We also had care workers who, in countries like Zimbabwe, are undertaking a huge amount of care work in our communities. They do it out of love for their people, but governments are taking advantage of this by not paying them and not providing sufficient doctors, nurses and healthcare facilities in communities. This is unpaid labour that subsidises the state. The exploitation of care workers must end.

We as rural women also interrogated the model that is driving the FISP programmes, which is the Green Revolution model that is all about getting farmers to use inputs produced by multinational corporations and growing their profits. Farmer input subsidy programmes are a conduit for increased use of fertiliser and pesticides, as governments are adopting these elements wholesale and impose them on farmers. What we need is a more flexible approach that is based on farmers’ particular contexts and needs.

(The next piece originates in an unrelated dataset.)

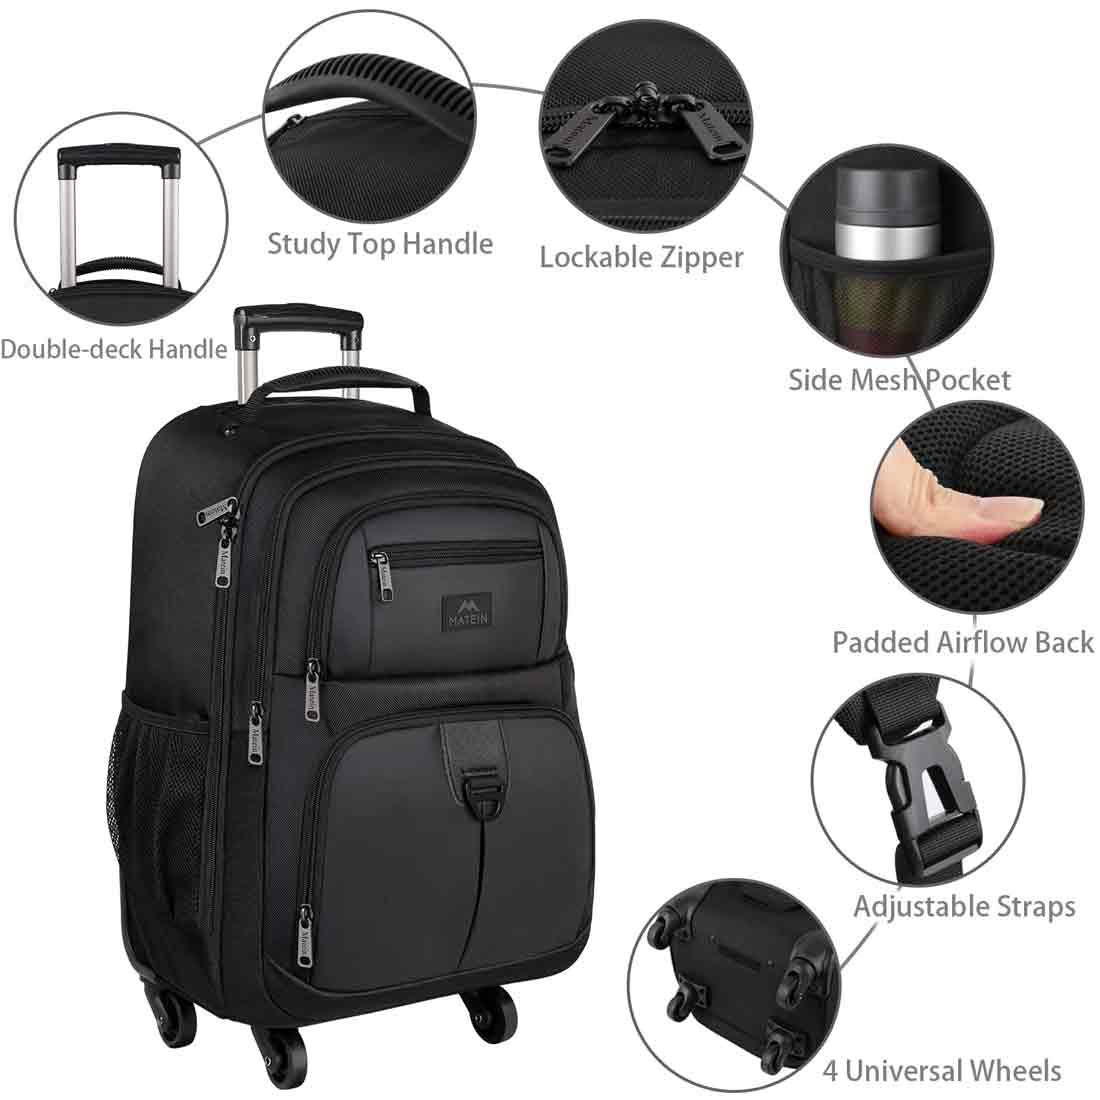 Matein Business Laptop Travel Luggage Wheeled Rolling Backpack - travel laptop backpack

We do not want the model of agriculture that is being imposed on us through FISPs. As rural women, we have our own alternatives. The speak out showed that women are reclaiming what is ours. We will not wait for the government to push these alternatives – we are already creating them, we just need the space and the support to take them further.

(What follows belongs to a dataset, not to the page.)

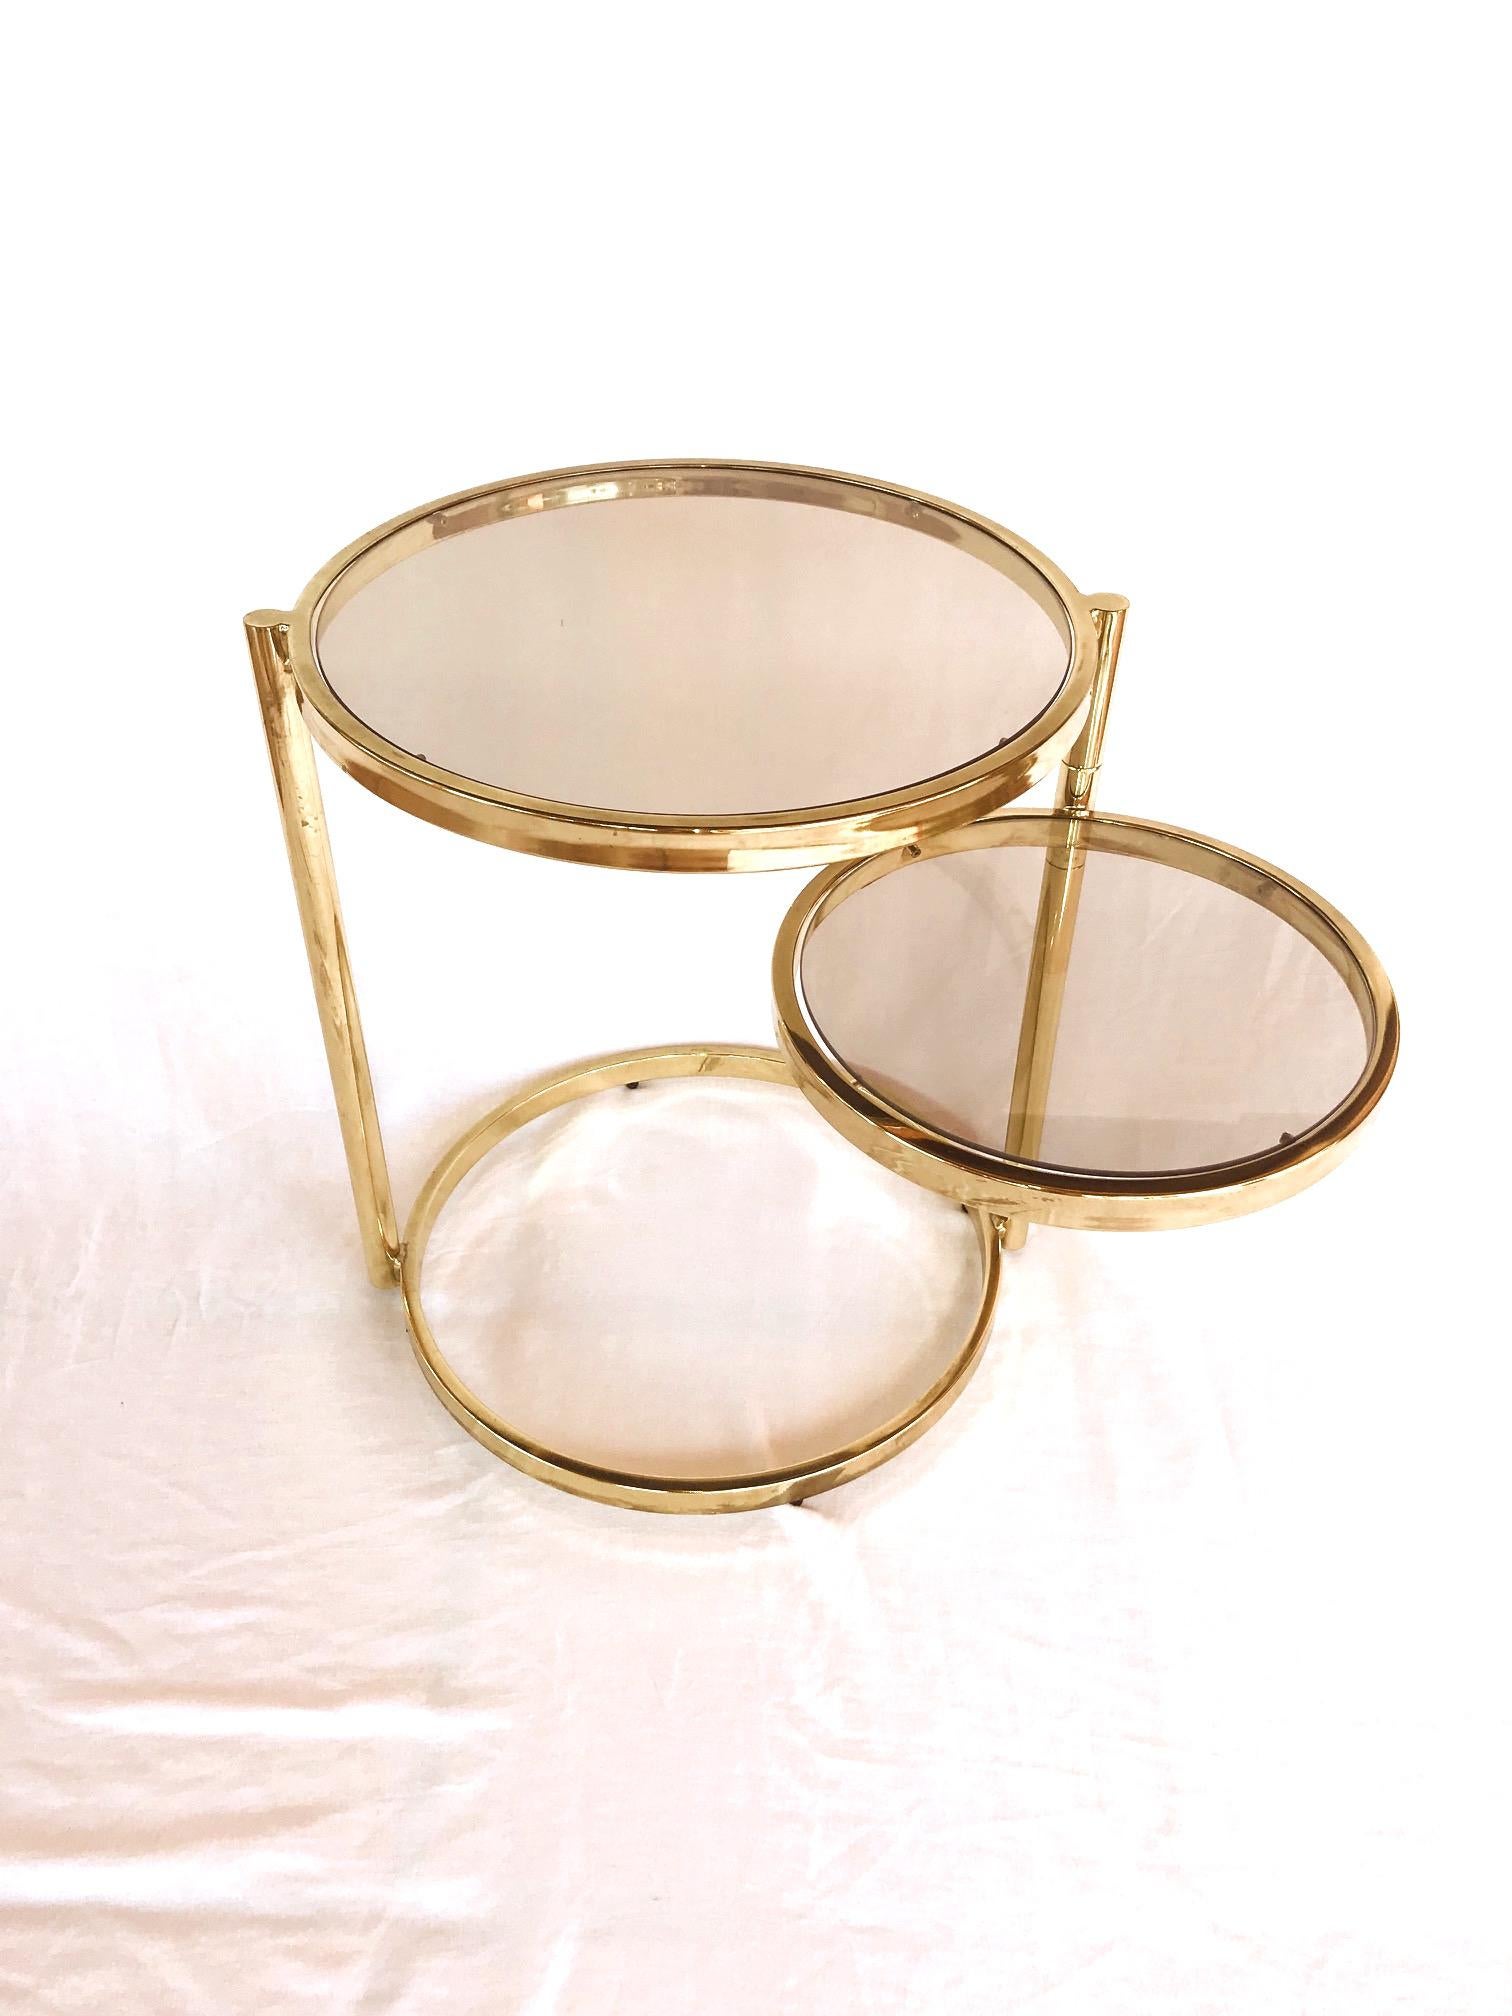 Mid-Century Modern two-tier side table with extendable top. Brass frame with adjustable and rotating second tier allowing the table diameter to extend from 19.5

We, therefore, demand to the SADC Heads of States that they re-think and transform FISPS in the ways outlined below:

  • FISP must distribute indigenous varieties of seed that suit particular areas, nutritional needs and farmer preferences
  • Phase out the use of chemical fertilisers and encourage the use of alternative sources of fertilisation like animal manure
  • In the context of climate change, FISP should focus on building resilience, which rests on indigenous and diverse seed supplies.
  • As the majority of the population in Africa, rural women farmers must be consulted on all policies affecting them
  • Over and above handing out inputs governments should support value addition for agricultural products produced by small farmers.
  • Equivalent value should be given to indigenous seeds and small grains and should be as easily available for farmers to buy as hybrid seeds are.
  • Governments must invest in infrastructure and research for the farming of indigenous and small grain crops, just like they do for industrial farming
  • Governments must increase agricultural budgets to 10% of their national budgets as per the Maputo Declaration. They should use this increase to purchase agricultural equipment and improve infrastructure for farmers like irrigation, cleaning irrigation canals, and so on. That is, governments must invest in their own countries’ agriculture rather than trying to attract global corporations to invest in the agricultural sector, which just imposes the industrial model of agriculture and dispossess women of land and seed.
  • Input subsidies must stop feeding corporate profits and must be used to support seed multiplication, growth and distribution of locally grown crops for soil health, and diverse forms of agricultural practice that supports agroecology.
  • Rather than throwing chemical fertilisers and pesticides at farmers as solutions to all their challenges, extension policies and practice must be based on working democratically with farmers to understand and address their challenges in ways that also creates spaces for farmers to learn from each other.
  • Women still face unequal access to land and governments must address this by ensuring they have full rights to land and are fully able to access support for their farming practices
  • Rather than using the FISPS to promote the Green Revolution, governments must promote and support agroecology. This includes supporting the building of local seed banks for indigenous varieties. As rural women, we must have the same rights to produce our own seeds as those given to multinational seed corporations. We want to produce, to store and to multiply our seeds.
  • We demand the formalisation of care work now, the full employment of all care workers, and the provision of protective clothing to care workers.
  • Contract farming as a modern form of slavery must be ended and governments must instead provide farmers with the finance, support and access to markets that they need. Governments must, therefore, increase finance for agriculture in line with the Maputo Declaration, as it is the backbone of our economies.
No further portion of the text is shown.